● **Exercise description**
Output the full listing exactly as written, with no pictures in it.

Start of Given information

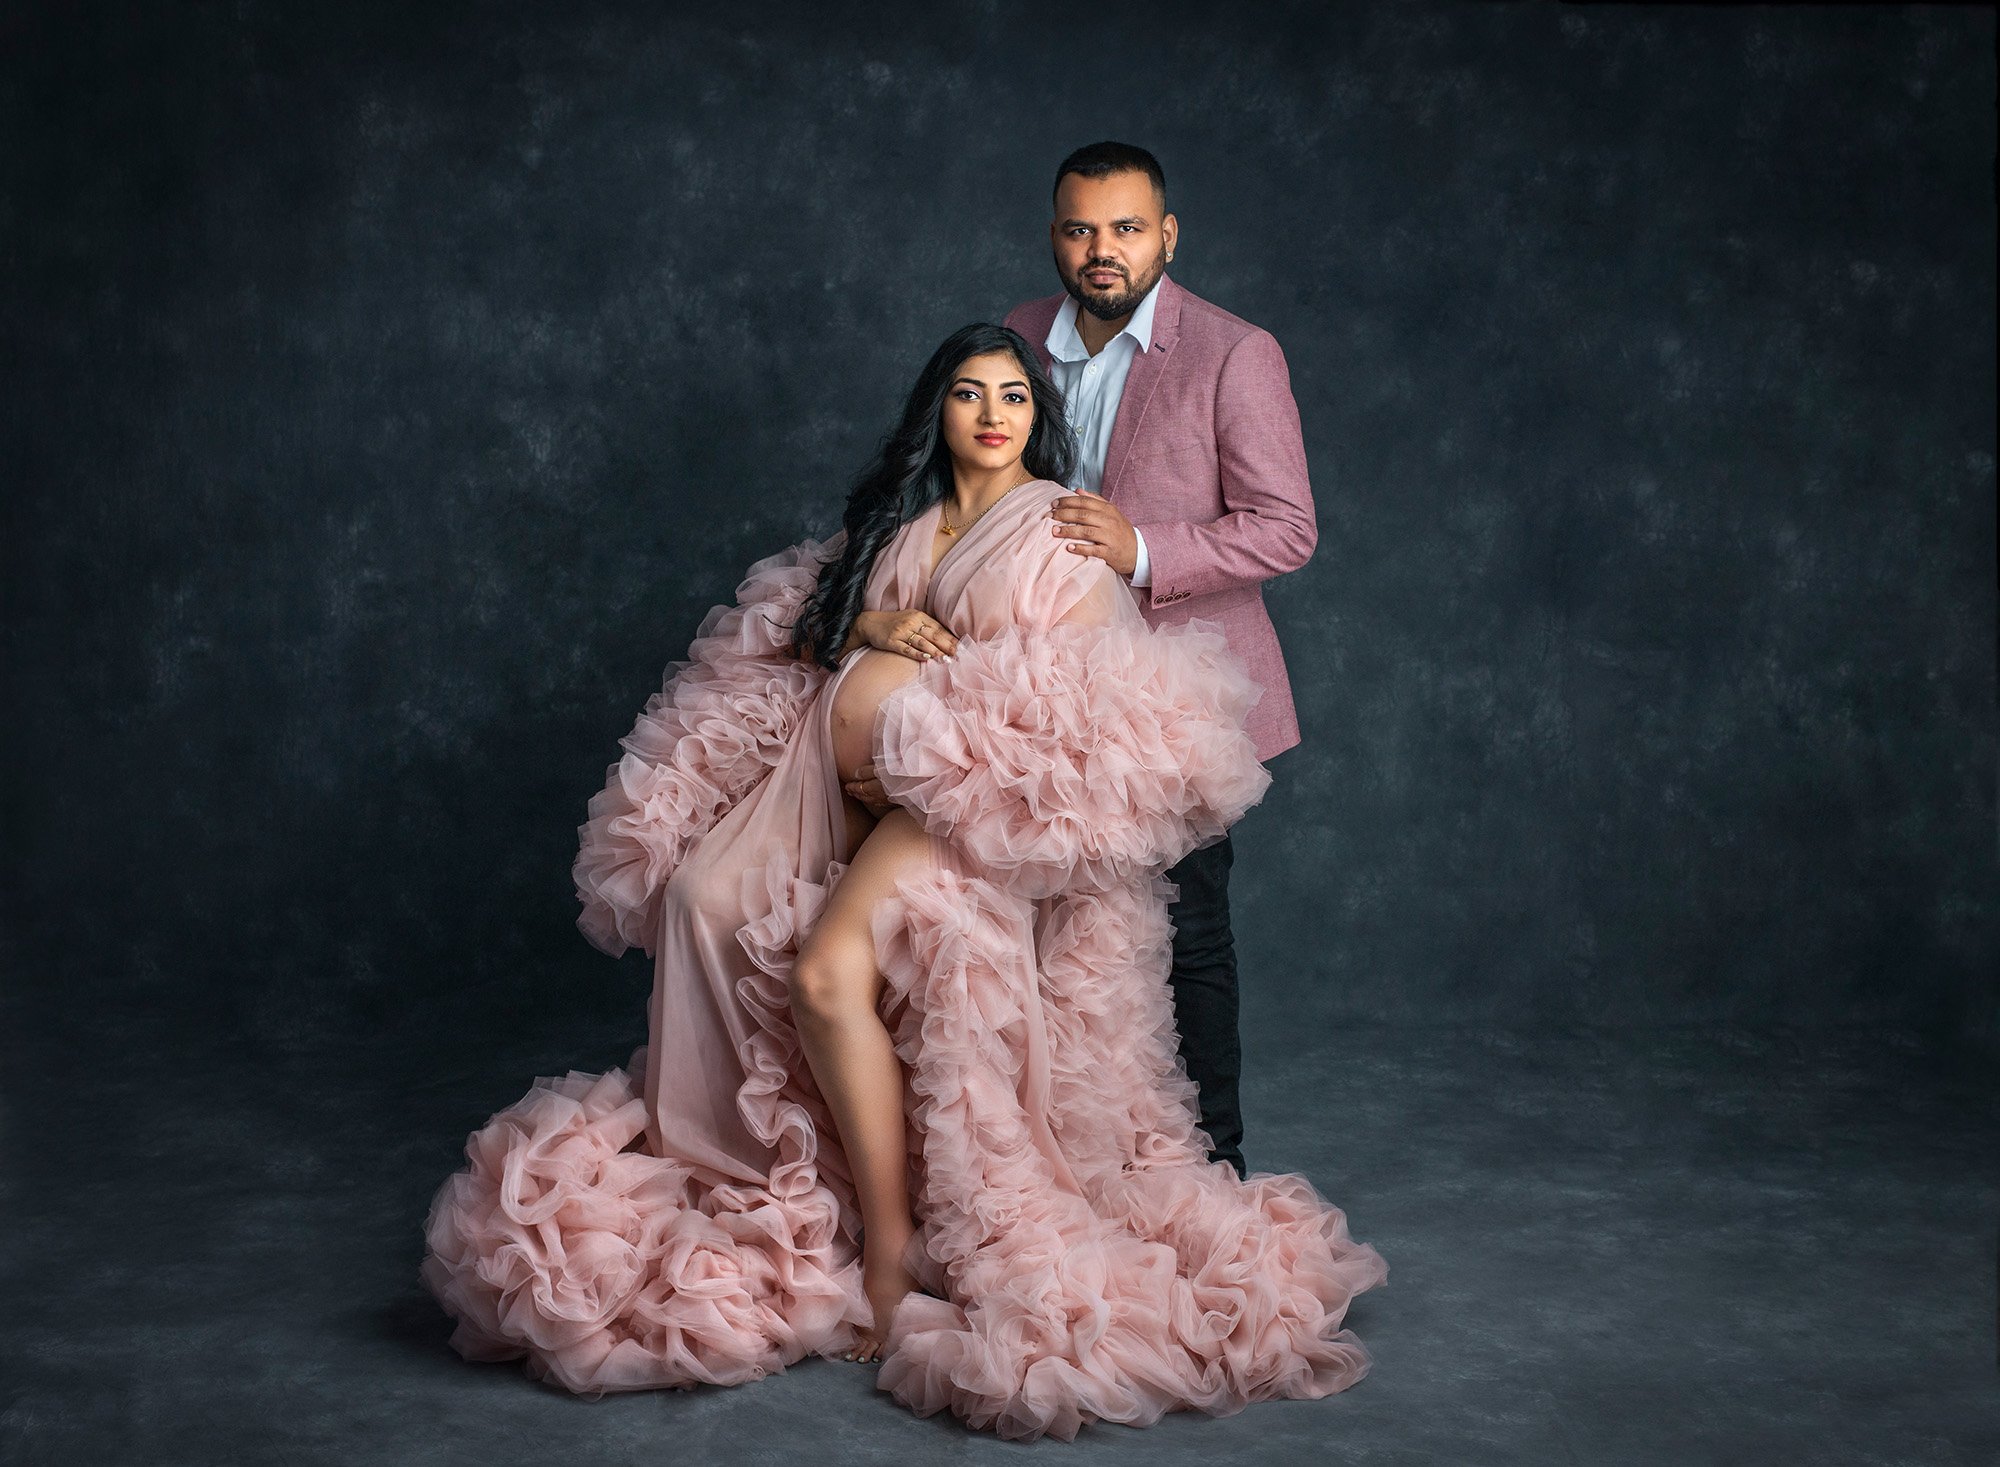 pregnant woman posing with partner wearing ruffled pink dress exposing pregnant stomach
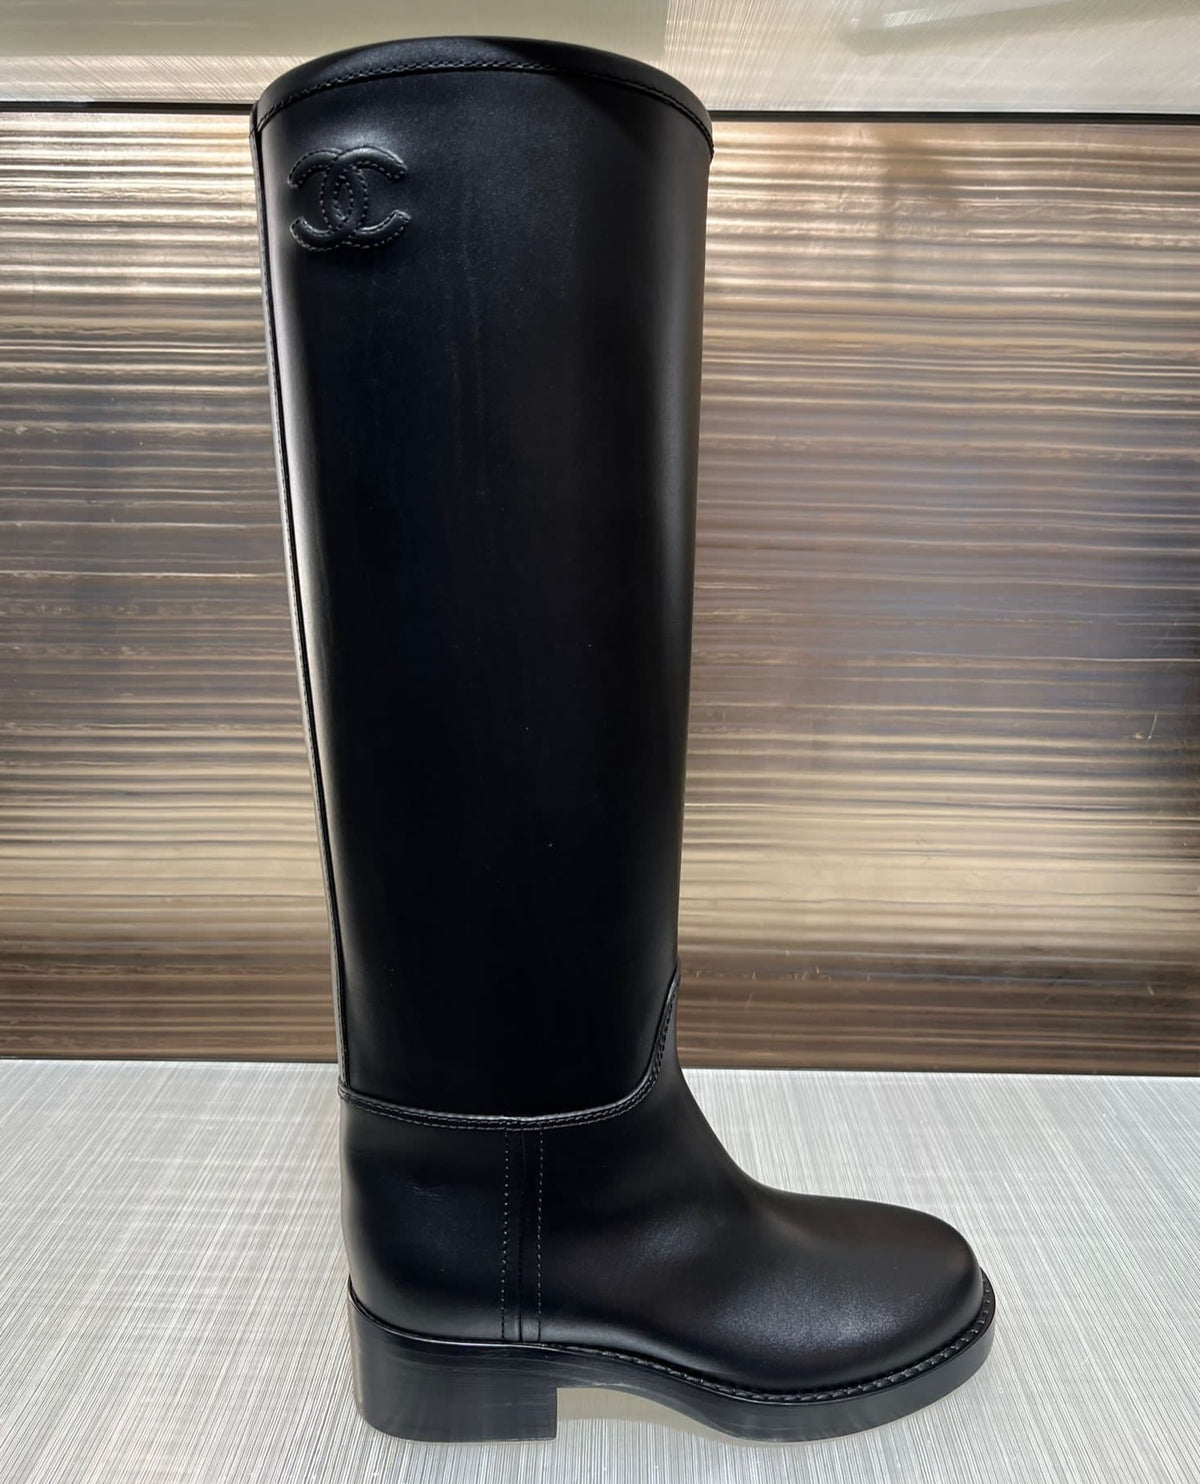 CHANEL Fall-Winter 22/23 black high boots – hey it's personal
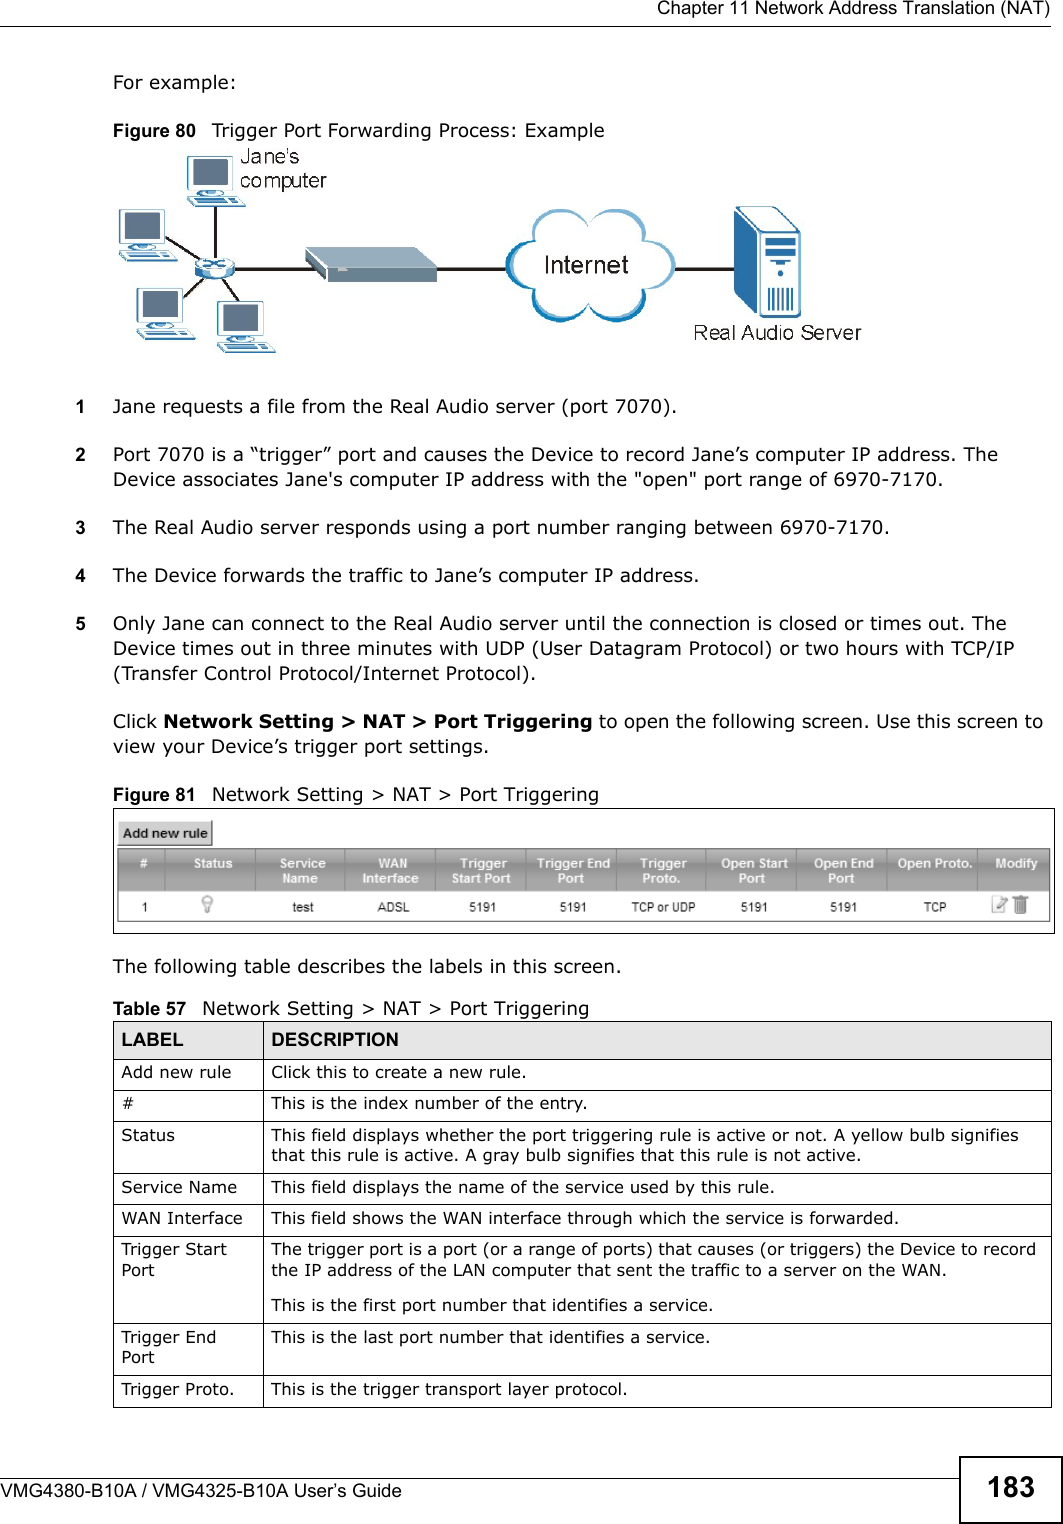  Chapter 11 Network Address Translation (NAT)VMG4380-B10A / VMG4325-B10A User’s Guide 183For example:Figure 80   Trigger Port Forwarding Process: Example1Jane requests a file from the Real Audio server (port 7070).2Port 7070 is a “trigger” port and causes the Device to record Jane’s computer IP address. The Device associates Jane&apos;s computer IP address with the &quot;open&quot; port range of 6970-7170.3The Real Audio server responds using a port number ranging between 6970-7170.4The Device forwards the traffic to Jane’s computer IP address.5Only Jane can connect to the Real Audio server until the connection is closed or times out. The Device times out in three minutes with UDP (User Datagram Protocol) or two hours with TCP/IP (Transfer Control Protocol/Internet Protocol). Click Network Setting &gt; NAT &gt; Port Triggering to open the following screen. Use this screen to view your Device’s trigger port settings.Figure 81   Network Setting &gt; NAT &gt; Port Triggering The following table describes the labels in this screen. Table 57   Network Setting &gt; NAT &gt; Port TriggeringLABEL DESCRIPTIONAdd new rule Click this to create a new rule.# This is the index number of the entry.Status This field displays whether the port triggering rule is active or not. A yellow bulb signifies that this rule is active. A gray bulb signifies that this rule is not active.Service Name This field displays the name of the service used by this rule.WAN Interface This field shows the WAN interface through which the service is forwarded.Trigger Start PortThe trigger port is a port (or a range of ports) that causes (or triggers) the Device to record the IP address of the LAN computer that sent the traffic to a server on the WAN.This is the first port number that identifies a service.Trigger End PortThis is the last port number that identifies a service.Trigger Proto. This is the trigger transport layer protocol.

End of Given information

● **Reply to the exercise**
 pregnant woman posing with partner wearing ruffled pink dress exposing pregnant stomach
 CHANEL Fall-Winter 22/23 black high boots – hey it's personal
  Chapter 11 Network Address Translation (NAT)VMG4380-B10A / VMG4325-B10A User’s Guide 183For example:Figure 80   Trigger Port Forwarding Process: Example1Jane requests a file from the Real Audio server (port 7070).2Port 7070 is a “trigger” port and causes the Device to record Jane’s computer IP address. The Device associates Jane&apos;s computer IP address with the &quot;open&quot; port range of 6970-7170.3The Real Audio server responds using a port number ranging between 6970-7170.4The Device forwards the traffic to Jane’s computer IP address.5Only Jane can connect to the Real Audio server until the connection is closed or times out. The Device times out in three minutes with UDP (User Datagram Protocol) or two hours with TCP/IP (Transfer Control Protocol/Internet Protocol). Click Network Setting &gt; NAT &gt; Port Triggering to open the following screen. Use this screen to view your Device’s trigger port settings.Figure 81   Network Setting &gt; NAT &gt; Port Triggering The following table describes the labels in this screen. Table 57   Network Setting &gt; NAT &gt; Port TriggeringLABEL DESCRIPTIONAdd new rule Click this to create a new rule.# This is the index number of the entry.Status This field displays whether the port triggering rule is active or not. A yellow bulb signifies that this rule is active. A gray bulb signifies that this rule is not active.Service Name This field displays the name of the service used by this rule.WAN Interface This field shows the WAN interface through which the service is forwarded.Trigger Start PortThe trigger port is a port (or a range of ports) that causes (or triggers) the Device to record the IP address of the LAN computer that sent the traffic to a server on the WAN.This is the first port number that identifies a service.Trigger End PortThis is the last port number that identifies a service.Trigger Proto. This is the trigger transport layer protocol.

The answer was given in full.